Dopo quattro generazioni in cui il lavoro in agricoltura è
stato rappresentato come ambito di miseria, ignoranza e fatica, i dati
statistici indicano che i giovani stanno riscoprendo l’agricoltura anche e
soprattutto come fonte di occupazione e reddito. Segnali “deboli”, ma in
controtendenza rispetto all’abituale scenario fatto di giovani in fuga dalle
campagne alla ricerca di un futuro professionale nelle città. L’agricoltura sta
ridiventando uno dei settori a maggiore dinamicità imprenditoriale: cresce il
numero degli occupati a differenza di tutti gli altri settori e soprattutto
cresce la natalità delle aziende.
Le difficoltà economiche che attraversa il Paese, oltre a
modificare stili di vita e consumo delle famiglie, stanno trasformando il
quadro dei valori e delle aspirazioni professionali dei giovani. Una tendenza
che emerge anche dall’analisi del trend delle iscrizioni alle facoltà
universitarie e agli istituti professionali a indirizzo agrario. L’interesse
dei giovani per il mondo rurale è alla base anche della crescita delle
iscrizioni alle scuole di agraria, enogastronomia e turismo.

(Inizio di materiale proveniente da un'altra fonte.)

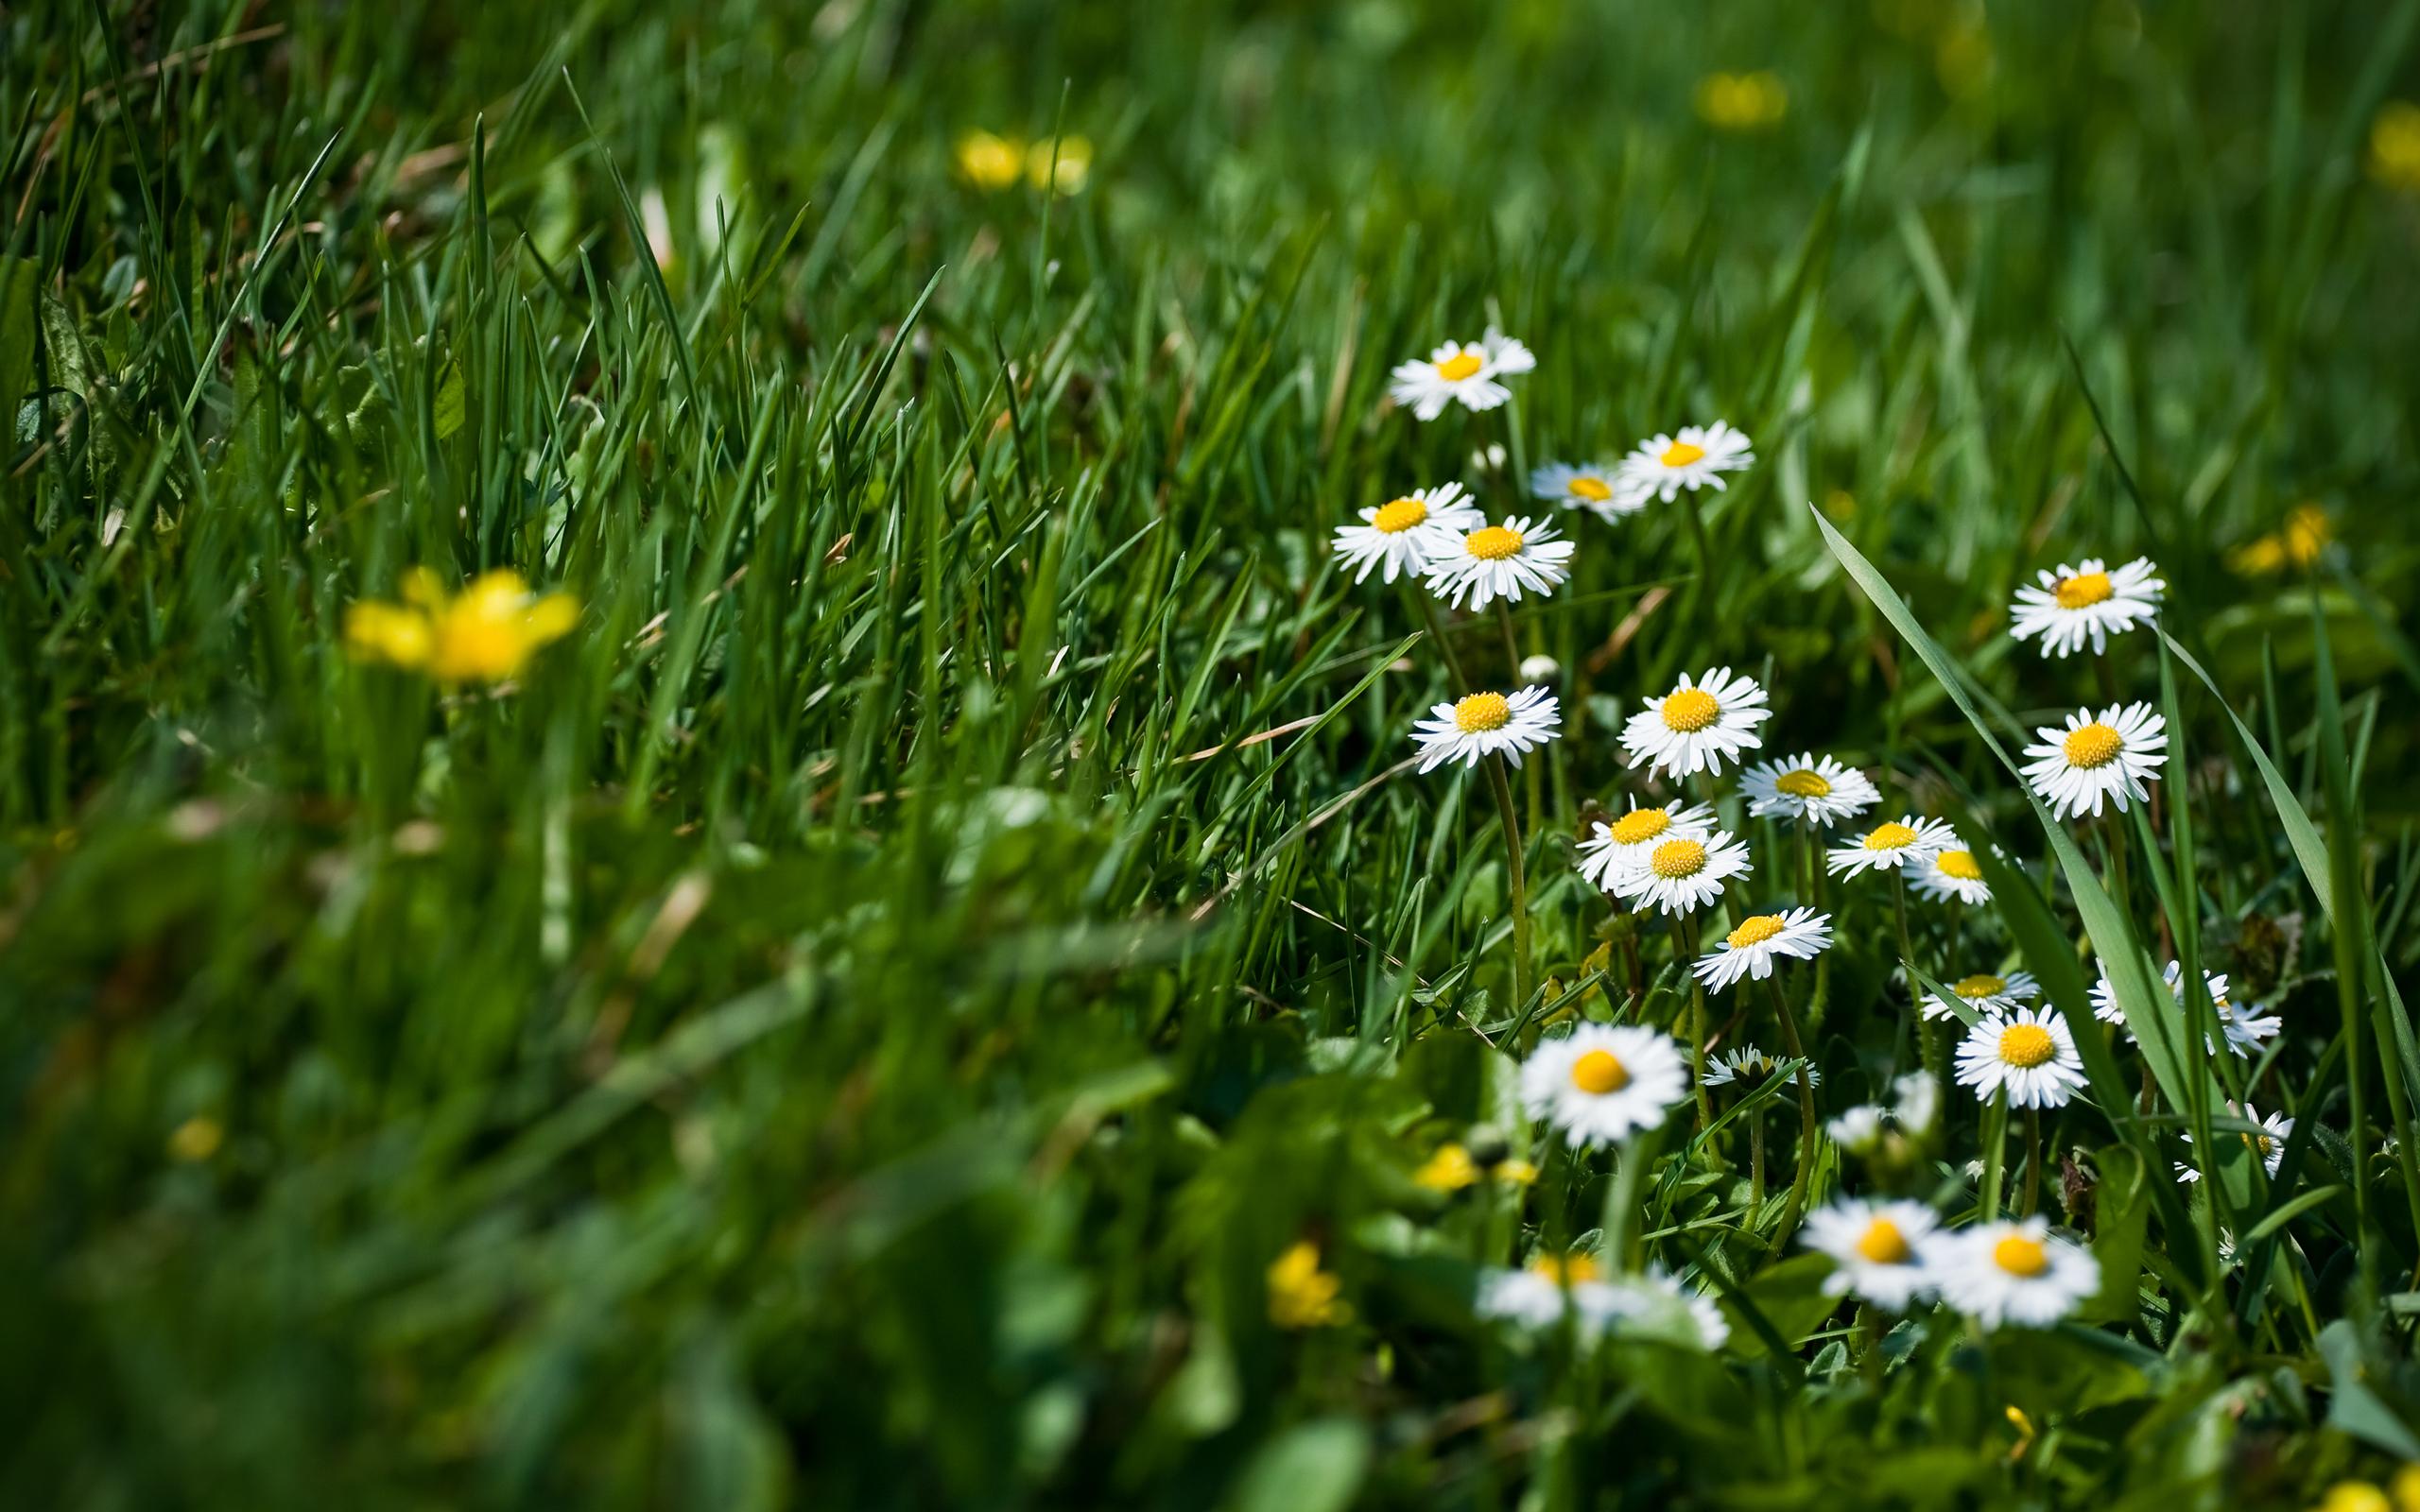 цветы трава поляна скачать

E presto per dire se siamo entrati in un profondo
cambiamento nel rapporto tra giovani e mondo dell’agricoltura, con un “ritorno
alla terra” fondato su motivazioni di carattere economico, professionale e
culturale, anche perché a ridimensionare i dati statistici ci ha pensato la
recente ricerca “Giovani ed agricoltura, risorsa per il Paese”, realizzata da
Nomisma per l’Informatore Agrario e Federunacoma. I dati capovolgono
addirittura il quadro, smentendo la tesi del ritorno all’agricoltura, e più di
un dubbio sul loro futuro professionale ce l’hanno gli stessi giovani,
intervistati nell’ambito di un campione di circa 600 aziende agricole condotte
da under 40. Il dato più preoccupante riguarda l’autostima dei giovani
agricoltori, poiché buona parte di loro pensa che la società percepisce il
mestiere di agricoltore di status inferiore ad altri lavori.

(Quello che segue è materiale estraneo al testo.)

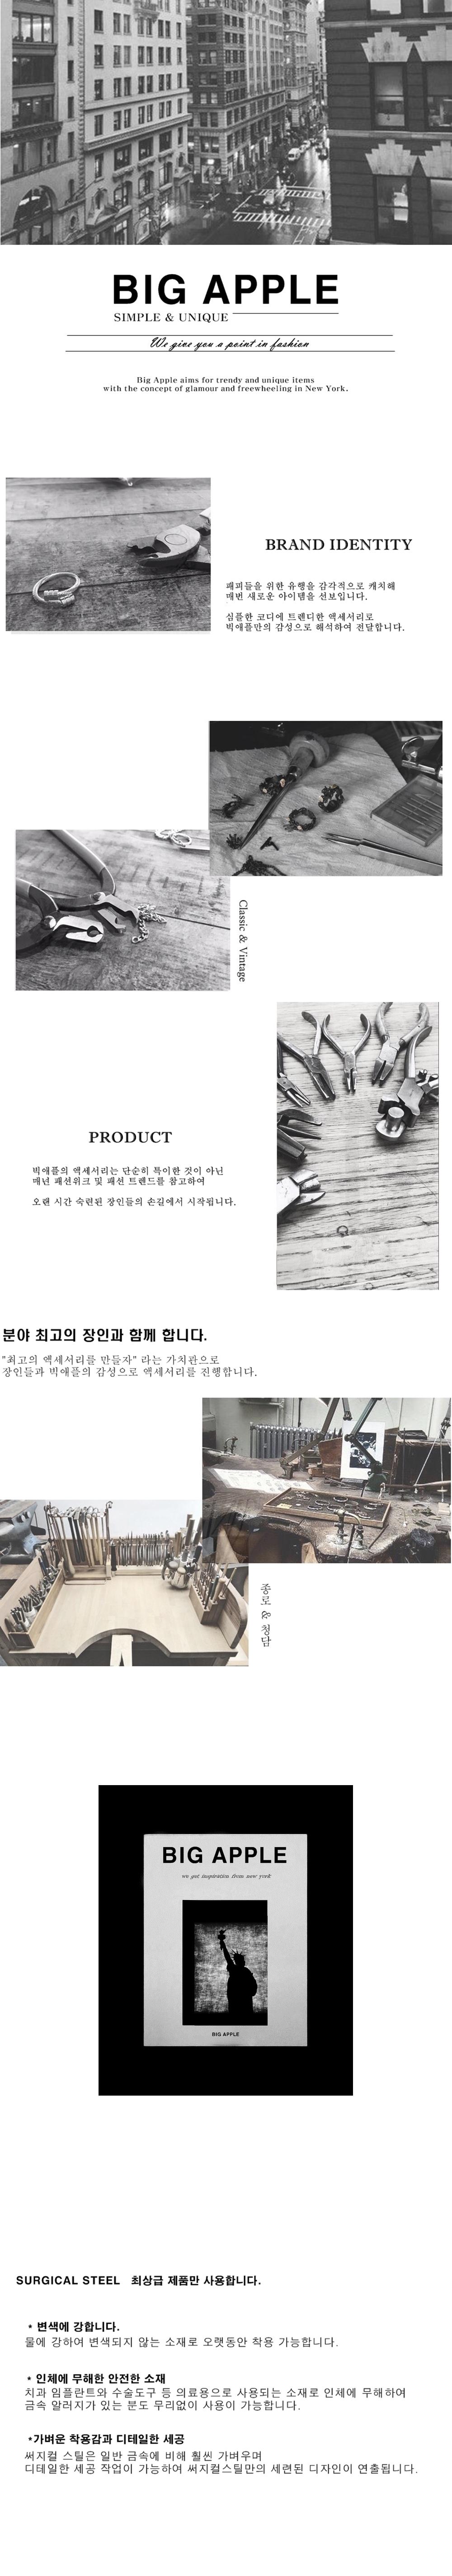 남자 반지 패션 십자가 체인 연결 써지컬 스틸 TSL - 빅애플, 19,900원, 남성주얼리, 반지

Che l’agricoltura non sia in cima alle preferenze dei
giovani in cerca di prima occupazione emerge anche da un’altra indagine di
Nomisma su un campione rappresentativo di giovani italiani, che seppure
attribuiscono un ruolo sociale importante all’agricoltura (tutela del
territorio, valorizzazione del paesaggio, ecc.), poi finiscono per ammettere
che “forse è meglio se la praticano altri”. In definitiva, è il commento di
Nomisma, per rendere attraente l’agricoltura è necessario da un lato
restituirle il giusto ruolo sociale per favorire l’ingresso e la permanenza di
giovani, dall’altro bisogna consolidare gli strumenti per favorire
competitività, innovazione ed accesso alla terra.
Nel Mezzogiorno, dove il Pil negli ultimi 5 anni è andato
giù più che in Grecia, l’agricoltura non è solo sfruttamento della manodopera
migrante e caporalato. La Calabria, ad esempio, è al secondo posto per numero
di aziende biologiche e per ettari di terreno coltivati biologicamente. I “nuovi
contadini” non hanno più nulla a che vedere con quella “agricoltura
dell’assurdo” stigmatizzata da Rossi Doria: un modello produttivo votato
all’autoconsumo, in cui la sproporzione tra l’impegno lavorativo e i risultati
concreti aveva l’effetto di rendere l’attività diseconomica e faticosa, al
punto di indurre ad emigrare in cerca di condizioni di lavoro e vita più
soddisfacenti. Oggi, invece, l’agricoltura è fatta di idee, innovazione,
creatività, cultura e professionalità.